Number of sequences required depends on diversity of sequence set, since more
diverse sequences may make identification of patterns of conservation more difficult.
HMM program (such as HMMer) is first
trained on a set of sequences
The training set need not be aligned, but it can be.
Other input data can be amino acid distribution data or substitution matrices.
Input data are used to identify statistical weights for amino acid identities,
as well as gaps and deletions, for each position in the model.
Training sequences are then aligned to the model and the model readjusted to
provide the best fit to the input sequences.
This step is repeated until no further improvement is made.
Additional sequences can then be fed into the system to align them to the training
sequences. Model can be adjusted during this step as well.
Model can be used to produce Position Specific scoring matrix (PSSM)
PSSMs are log odds scores of finding a particular amino acid at a particular
position in a protein sequence, much as the protein substitution matrices were
log odds scores of substitution of one amino acid for another.
PSSM can then be used to identify new protein sequences which are related to
the known aligned proteins
Need convenient means to manipulate and display multiple sequence alignments.
Most programs have basic text output, with symbols to flag conserved residues
Often convenient to rearrange order of sequences, color code them by residue
type, or box conserved regions.
May also need to do some manual tweaking and editing of alignment.
A number of programs available for different types of computers
You can try looking at the fast clustal alignment or the slow clustal alignment by copying and pasting into one of these viewers.
JalView
is Java-based editor available at the CLUSTALW web site. Since it is Java, it
can be downloaded in your web browser and launched with your CLUSTAL alignment.
Can use to manipulate alignment and make PostScript or GIF files for presentation.

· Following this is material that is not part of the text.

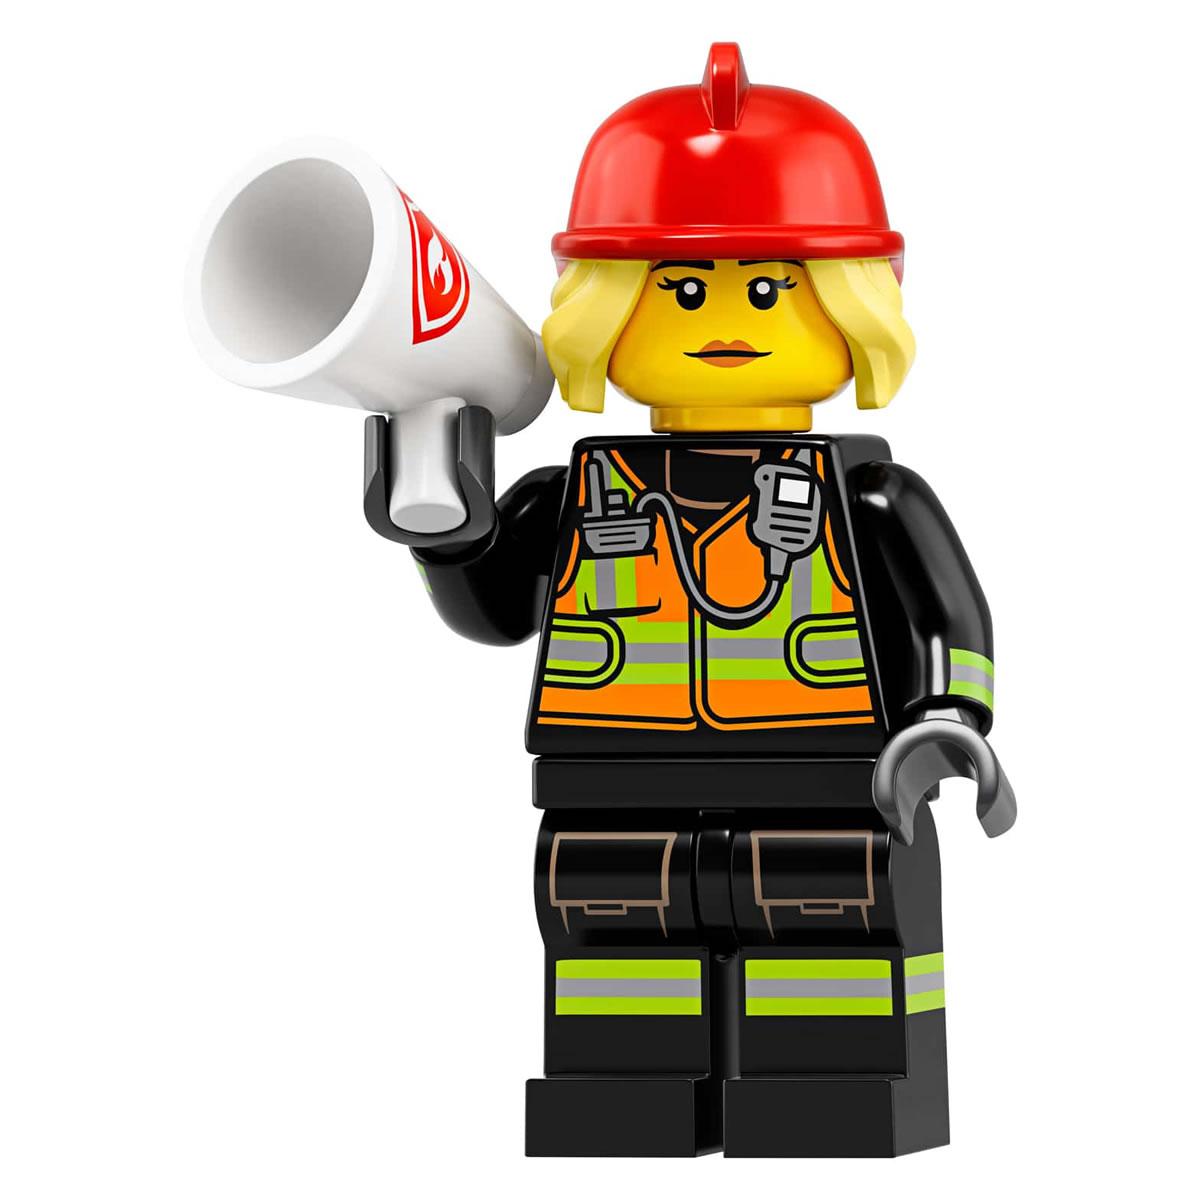 lego-minifiguren-sammelserie-collectible-minifigures-serie-19-71025-2019-10 zusammengebaut.com

Can also save edited alignment in FASTA format for later use. Jalview can also
be downloaded for stand-alone use.
Other available programs
CINEMA is also Java-based.
you must upload your alignments to a server
Sequence Manipulation Site has easy interface for a variety of sequence ... manipulations
ClustalX is a clustal viewer program with a nice interface, available for most computer platforms.
SeqPup
Initially Mac only, but has been ported to Java for all platforms. Is a stand
alone program (it doesn't require browser.)
BioEdit is a similar
program for PCs only
SeqLogo will
produce graph which displays conserved amino acids of a motif from a PSSM or
alignment.
Boxshade displays
alignments with conserved regions boxed for ease in identification and presentation.